## Need help verifying an anwer to this problem.

Complex numbers, rational functions, logarithms, sequences and series, matrix operations, etc.
rogermiranda
Posts: 19
Joined: Fri Apr 30, 2010 6:01 pm
Contact:

### Need help verifying an anwer to this problem.

Complex Fraction:
a^2 / b^2 - 1 denominator 1/a + 1/b = a^2 - b^2 / b^2 denominator b+a / ab
= a^2 - b^2 / b^2 * ab / b+a = a(a-b) / b.
But my textbook has the answer a(a-b). So what happened to the denominator b?

stapel_eliz
Posts: 1628
Joined: Mon Dec 08, 2008 4:22 pm
Contact:
Please reply showing the expression with grouping symbols. For instance, does "a^2 / b^2 - 1" mean "(a2/b2) - 1" or "a2/(b2 - 1)"?

Thank you!

rogermiranda
Posts: 19
Joined: Fri Apr 30, 2010 6:01 pm
Contact:

### Re: Need help verifying an anwer to this problem.

Here is the Complex Fraction:
Numerator= (a^2 / b^2) - 1
Denominator = (1/a + b/a)

So, finding the LCD I have
Numerator= (a^2 - b^2 / b^2)
Denominator = (b + a / ab)

Next I multiply by the reciprocal
(a^2 - b^2 / b^2) * (ab / b + a)
[(a + b)(a - b) / b^2)] * (ab / b + a)

Simplifying, I am left with
(a - b / b) * a

So the answer I get is
Numerator= a(a - b)
Denominator = b but my textbook has the answer a(a - b). So what happened to the denominator b?

stapel_eliz
Posts: 1628
Joined: Mon Dec 08, 2008 4:22 pm
Contact:
Here is the Complex Fraction:
Numerator= (a^2 / b^2) - 1
Denominator = (1/a + b/a)
I will assume the following:

. . . . .$\frac{\left(\frac{a^2}{b^2}\, -\, 1\right)}{\left(\frac{1}{a}\, +\,\frac{b}{a}\right)}$

I think you then went the route of working the numerator and denominator separately. But I don't understand what you did in the denominator, since you were given two fractions with the same denominator...? I think the next step should have been as follows:

. . . . .$\frac{\left(\frac{a^2\, -\, b^2}{b^2}\right)}{\left(\frac{1\, +\, b}{a}\right)}$

rogermiranda
Posts: 19
Joined: Fri Apr 30, 2010 6:01 pm
Contact:

### Re: Need help verifying an anwer to this problem.

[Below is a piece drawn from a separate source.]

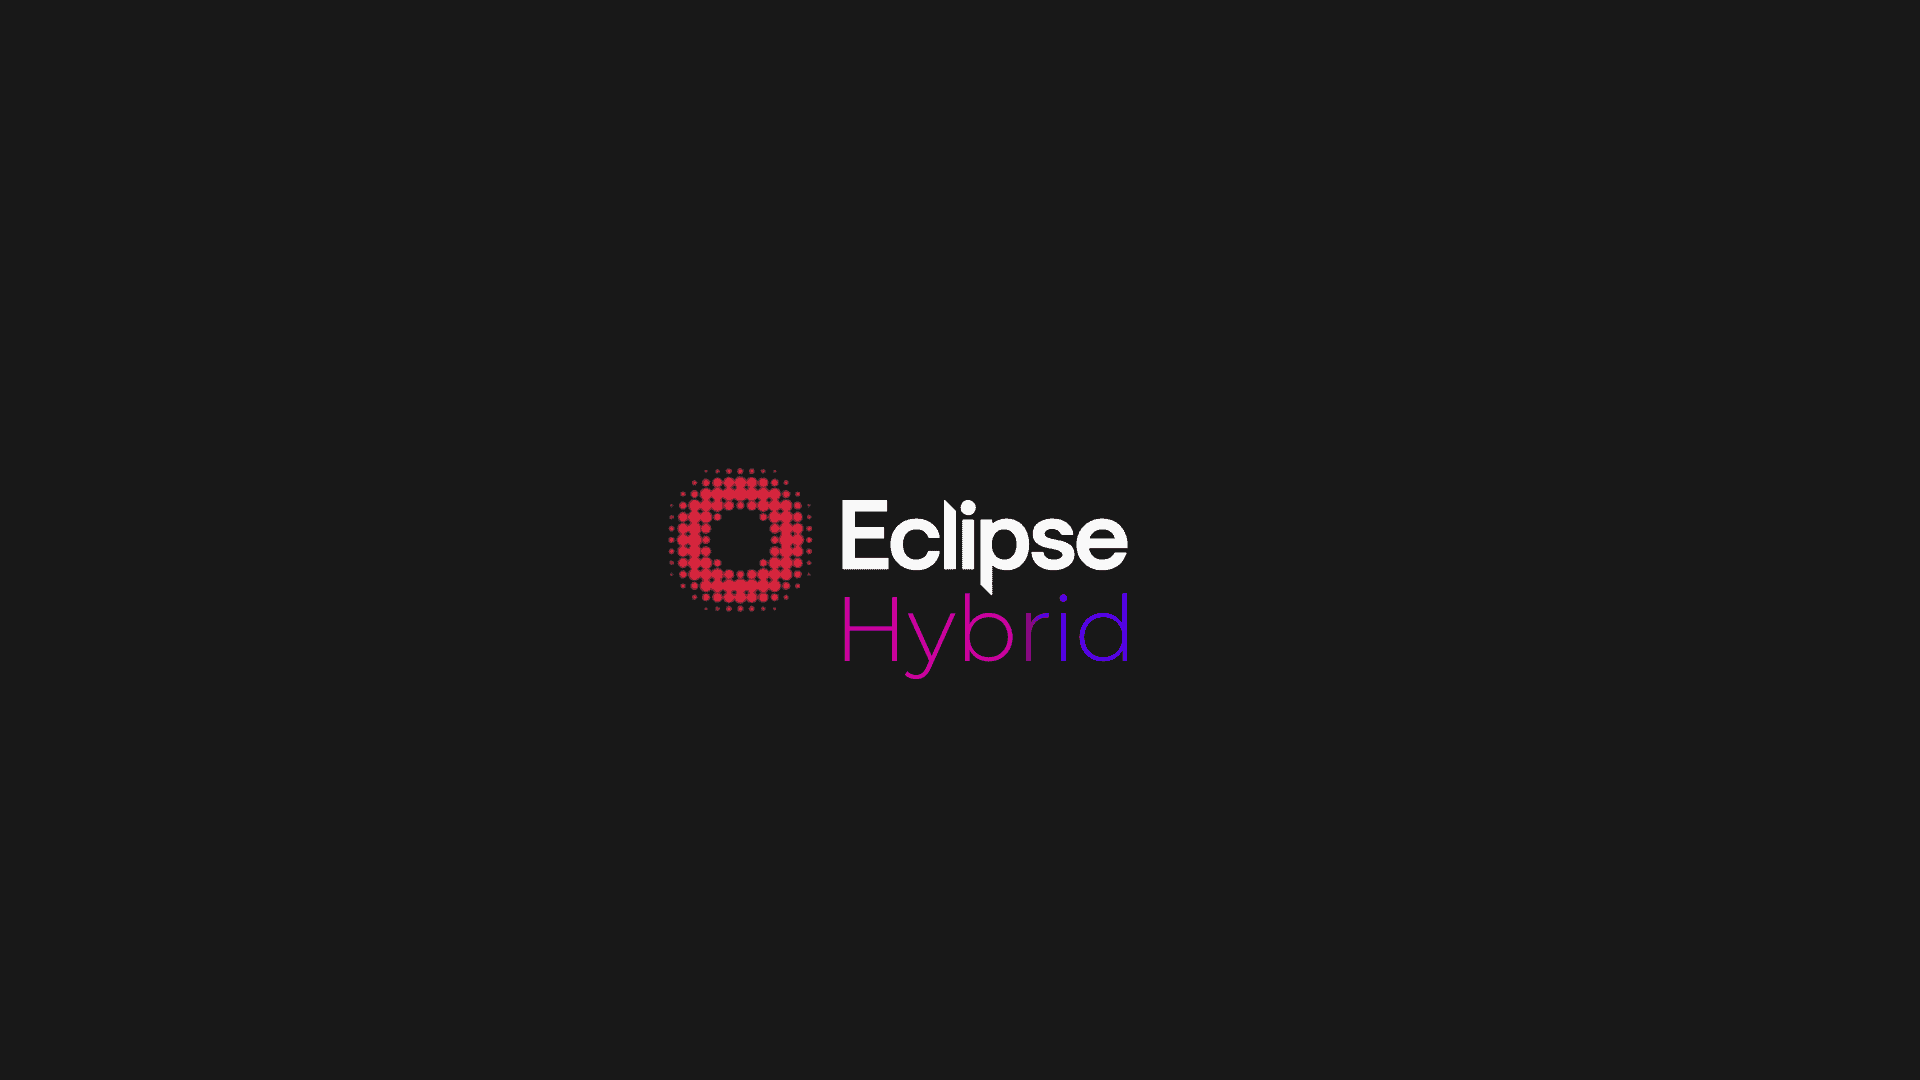 Eclipse Hybrid

Yes you have written the problem correctly.
Except the denomitor of the complex fraction is 1 over a + 1 over b (1/a + 1/b). So the LCD is ab.
So the denominator of the complex fraction is now b + a over ab (b + a / ab).

stapel_eliz
Posts: 1628
Joined: Mon Dec 08, 2008 4:22 pm
Contact:
... the denomitor of the complex fraction is 1 over a + 1 over b (1/a + 1/b).
Ah; so the expression is as follows...?

. . . . .$\frac{\left(\frac{a^2}{b^2}\, -\, 1\right)}{\left(\frac{1}{a}\, +\,\frac{1}{b}\right)}$

Then the LCD's would give:

. . . . .$\frac{\left(\frac{a^2\, -\, b^2}{b^2}\right)}{\left(\frac{b\, +\, a}{ab}\right)}$

Reverse the one addition to get the standard order:

. . . . .$\frac{\left(\frac{a^2\, -\, b^2}{b^2}\right)}{\left(\frac{a\, +\, b}{ab}\right)}$

Then flip-n-multiply:

. . . . .$\left(\frac{a^2\, -\, b^2}{b^2}\right)\, \times\, \left(\frac{ab}{a\, +\, b}\right)$

Factor the one numerator, cancel the common factors, and simplify to get the final answer.

My answer matches yours, by the way, not the book's. At a guess, the solution was typoed.